Alors que le repas et la conversation touchaient à leur fin, Shen-xiansheng, qui n’avait pas encore parlé tout son saoul, commença à débarrasser la table avec réticence.

- Je dois finir de réparer ces pièces d’armurerie lourde aujourd’hui. Ils ne les entretiennent jamais correctement, alors certains joints ont rouillé.

Il se tourna vers Chang Geng.

- Je vais peut-être sortir dans l’après-midi pour chercher des herbes médicinales. Ge Pangxiao et les autres ont demandé à avoir la journée libre pour aller jouer. Et toi ? Qu’as-tu prévu ?

- Je vais me rendre sur le Flanc du Général et m’entraîner…, commença Chang Geng.

Avant que les mots « avec mon épée » ne puissent quitter ses lèvres, Shen Shiliu avait déjà suspendu l’épée en fer de Chang Geng sur le mur et déclaré :

- Fiston, allons-y. Le cerf-volant géant va bientôt rentrer. On devrait se joindre à la fête.

Chang Geng protesta en vain :

- Yifu, j’étais en train de dire à Shen-xiansheng que je…

- Quoi ? demanda Shen Shiliu. Parle plus fort.

Super, voilà que ça recommençait.

Le cerf-volant géant venait et repartait chaque année. Chang Geng ne pouvait imaginer ce qui pourrait bien être différent, cette fois-ci. Mais, avant qu’il ne puisse objecter, Shen Shiliu l’avait déjà tiré hors de son siège, trainé à travers la pièce et poussé à travers l’embrasure de la porte sans plus de cérémonie. La chaleur de l’été ne s’était pas encore dissipée, aussi tout le monde portait-il des vêtements fins. Chang Geng pouvait sentir l’intégralité du corps de Shiliu pressé contre son dos, l’enveloppant d’une légère fragrance médicinale… exactement comme dans son rêve.

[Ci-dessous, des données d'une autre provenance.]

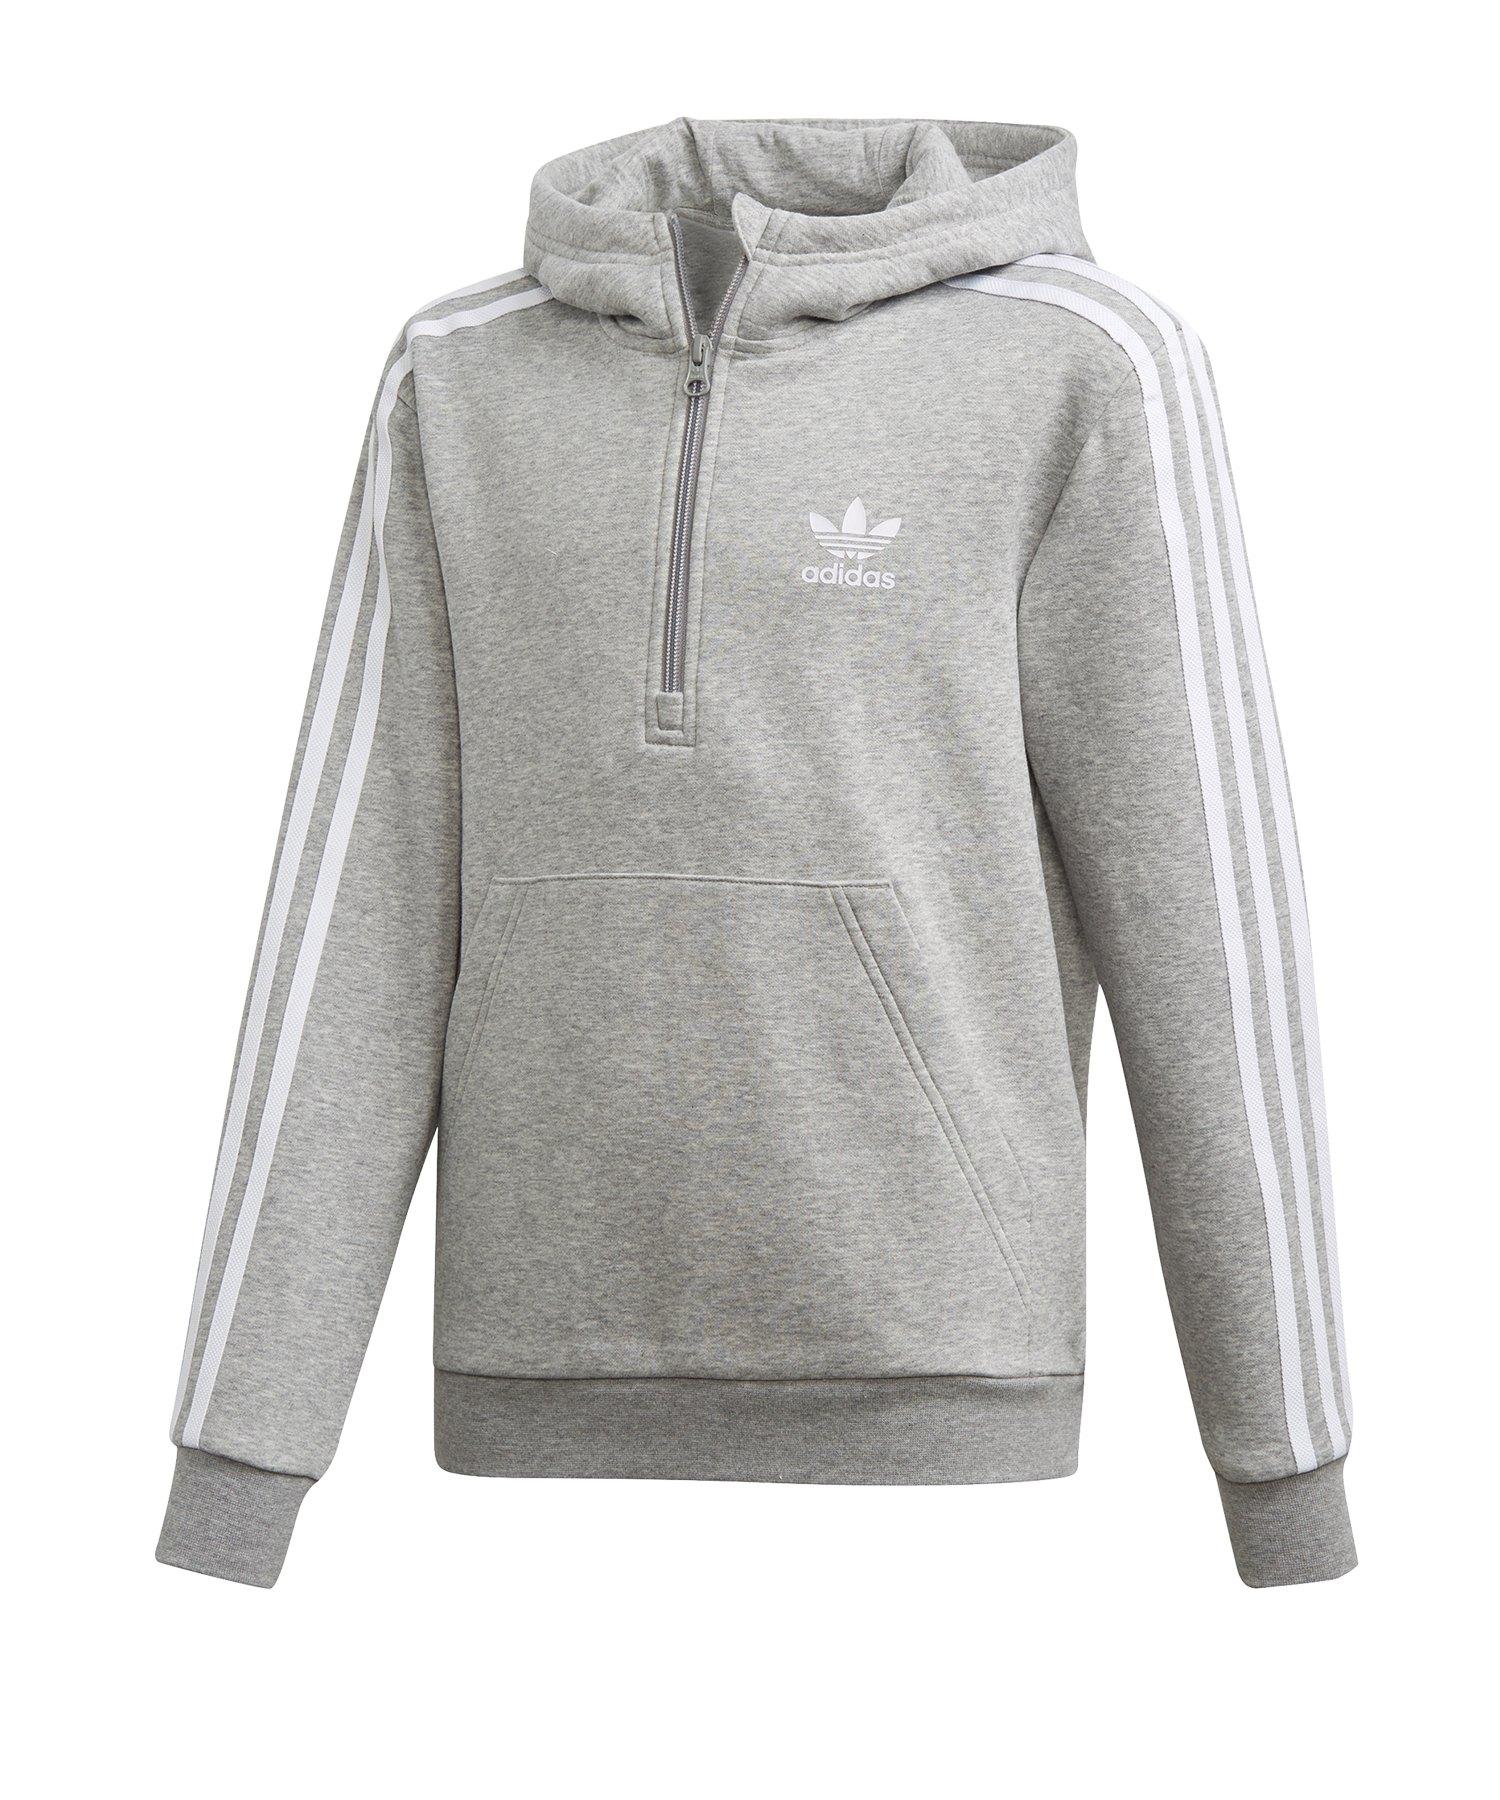 adidas sweater kinder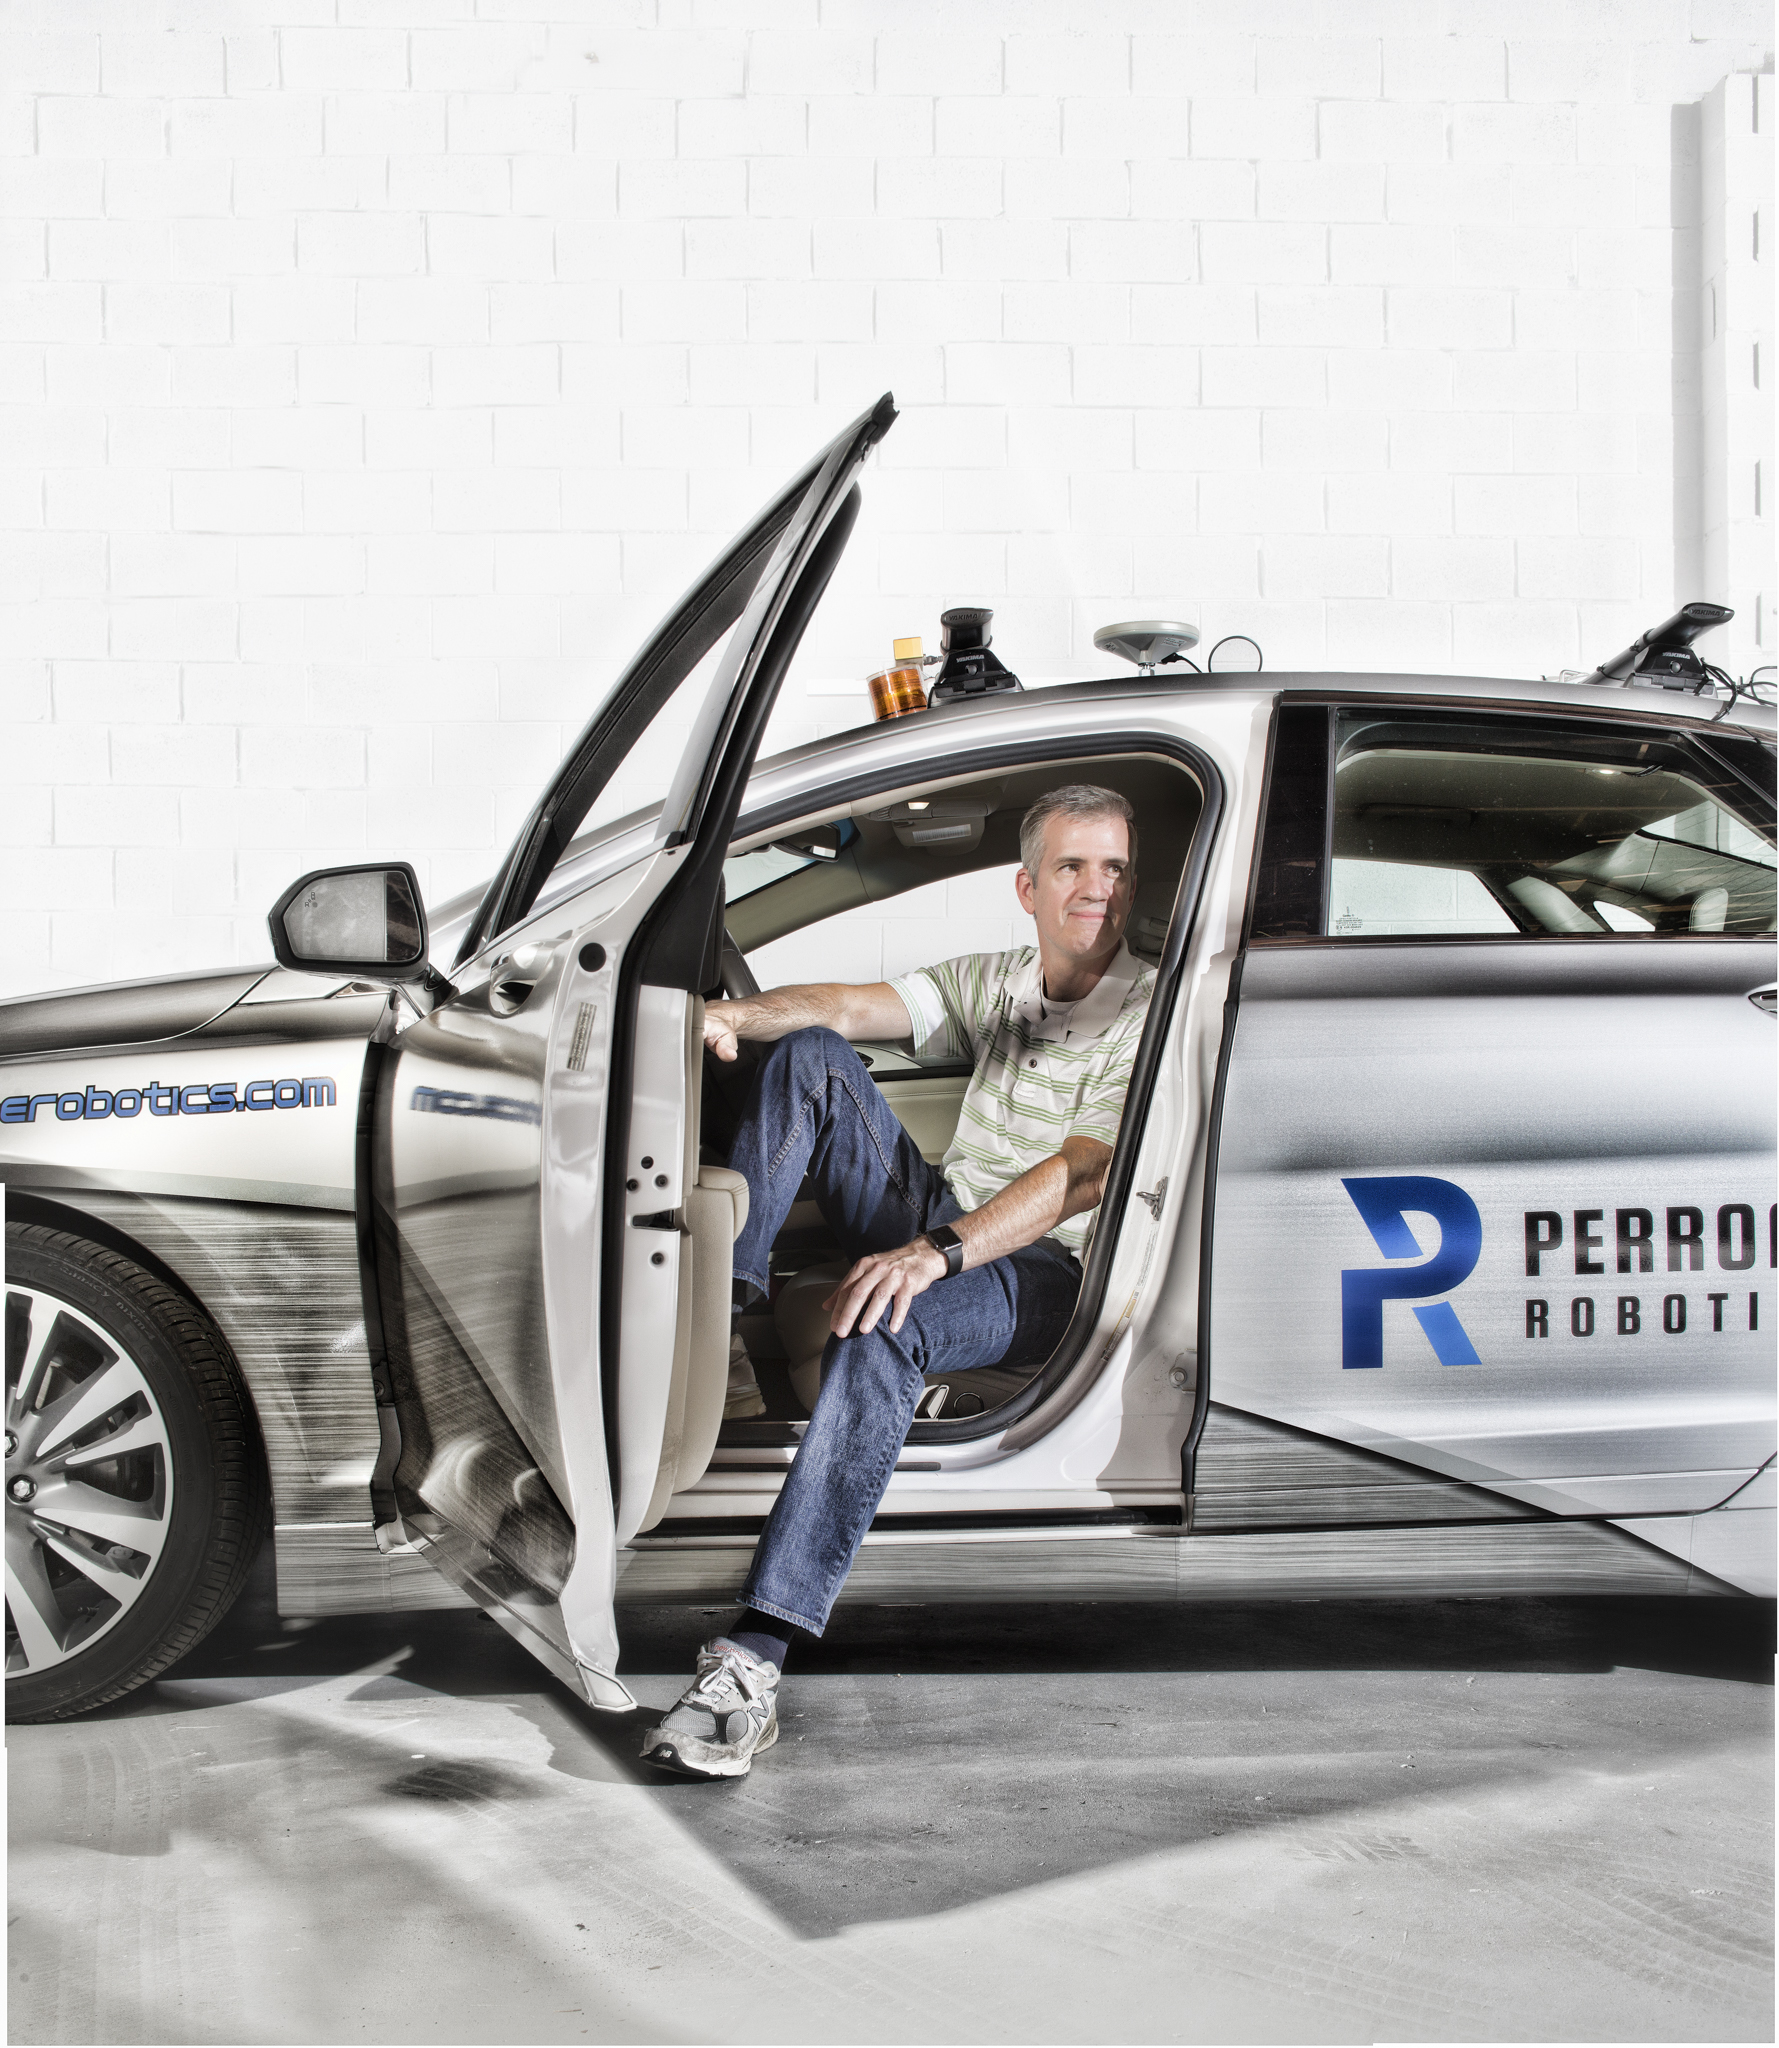 17030 Perrone Robotics Car 008 final 02 smile.jpg

Pour une raison inconnue, Chang Geng commença à se sentir mal à l’aise. Il baissa furtivement la tête et s’écarta de son jeune parrain, puis se couvrit le nez et se retourna, prétendant éternuer. Tout sourire, Shiliu le taquina :

- Quelqu’un pense à toi. Serait-ce cette petite fille au visage rond qui vit chez le Vieux Wang ?

Chang Geng ne put retenir son irritation plus longtemps.

- Yifu, dit-il sèchement, tu ne crois pas que faire ce genre de blagues avec tes juniors est inapproprié ?

Shen Shiliu ne prit pas un seul de ses mots au sérieux.

- Inapproprié ? demanda-t-il en souriant d’un air malicieux. Ah, eh bien – je n’ai jamais été père, par le passé, alors je ne sais pas ce qu’est un comportement approprié. Je ferai plus attention, à l’avenir.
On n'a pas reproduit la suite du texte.